Friday after Z was born, I did something to injure my neck that resulted in extremely painful headaches and very limited movement in my neck for almost a week. That slammed me into a major wall. The pain was getting worse instead of better. Thanks to a combination of prayer, time, good drugs, and a couple of chiropractor visits, that pain has gone away and my neck is back to normal.
Sometime in the midst of that neck pain, I realized that I could lift my knees up to my waist. This was monumental! I hadn't been able to get my feet more than an inch or two off the floor during the last month of pregnancy. I proudly walked into the living room where J was watching tv and announced, "Look what I can do!" as I high-kicked my way across the living room. Glorious freedom of movement! That silver lining in the thick of a black cloud was so satisfying and encouraging. It helped me hang on to hope that recovery wouldn't take too much longer.
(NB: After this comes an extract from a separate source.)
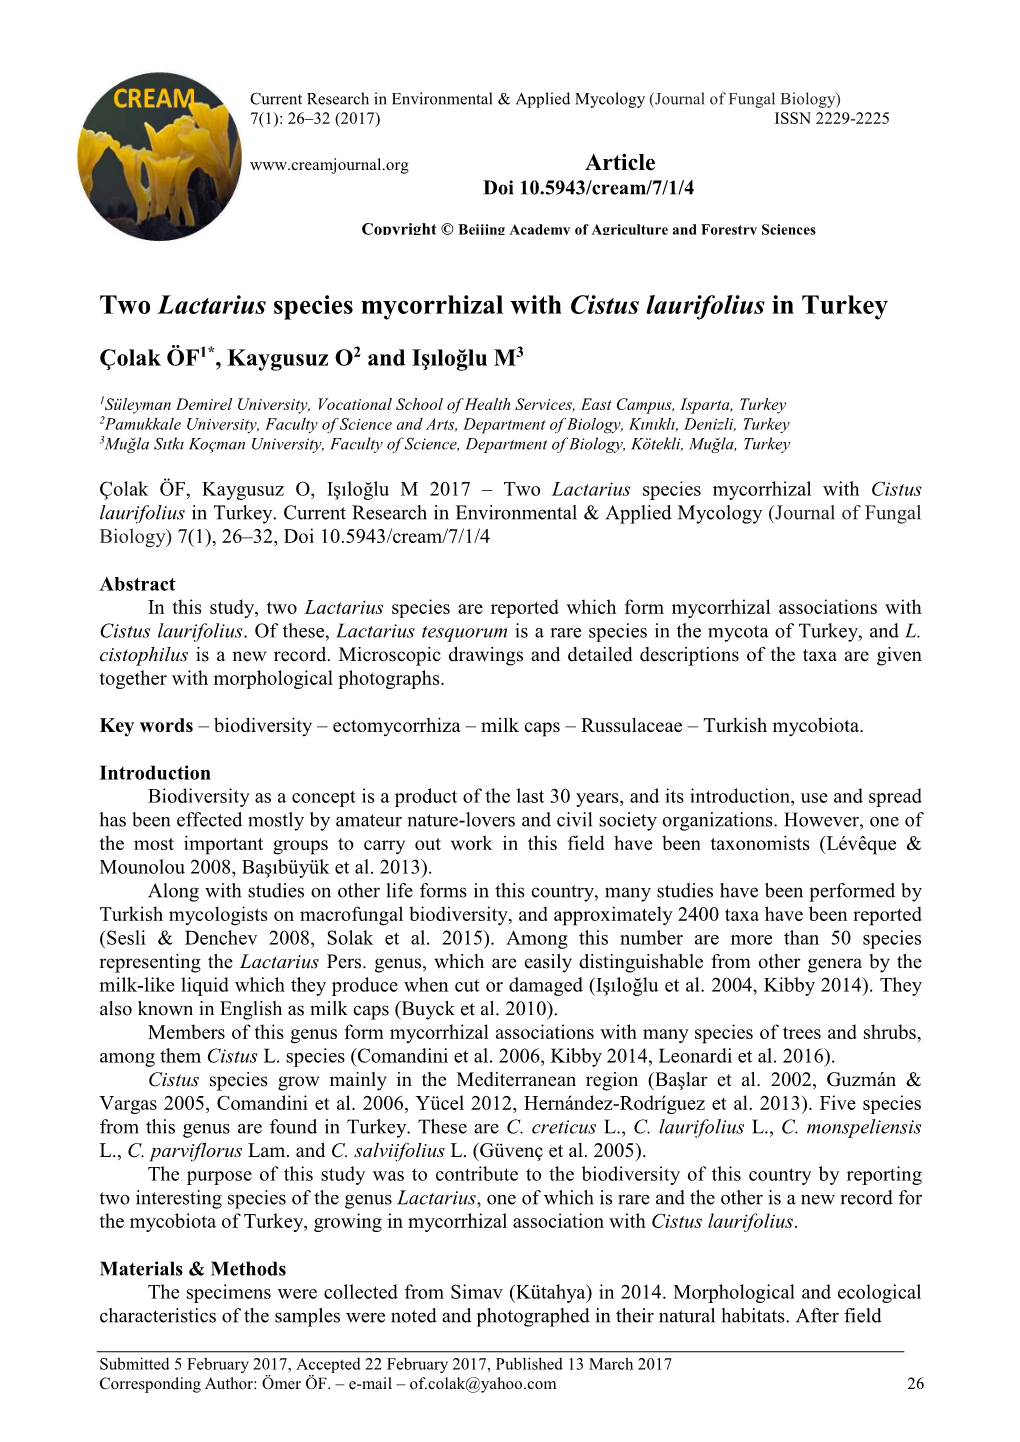 Two Lactarius Species Mycorrhizal with Cistus Laurifolius in Turkey

And it's not. I think I'm mostly back to my pre-pregnancy self. And that is a wonderful place to be!
1 comment:
She's not kidding about the whole "high-kicking" thing. She was soooo proud of herself. :)
And, might I add, I'm way proud of my awesome wife. Throughout her physical miseries, she managed to keep our family chugging along despite her ADD hubbie. I'm very blessed to have my best friend "back" up and running!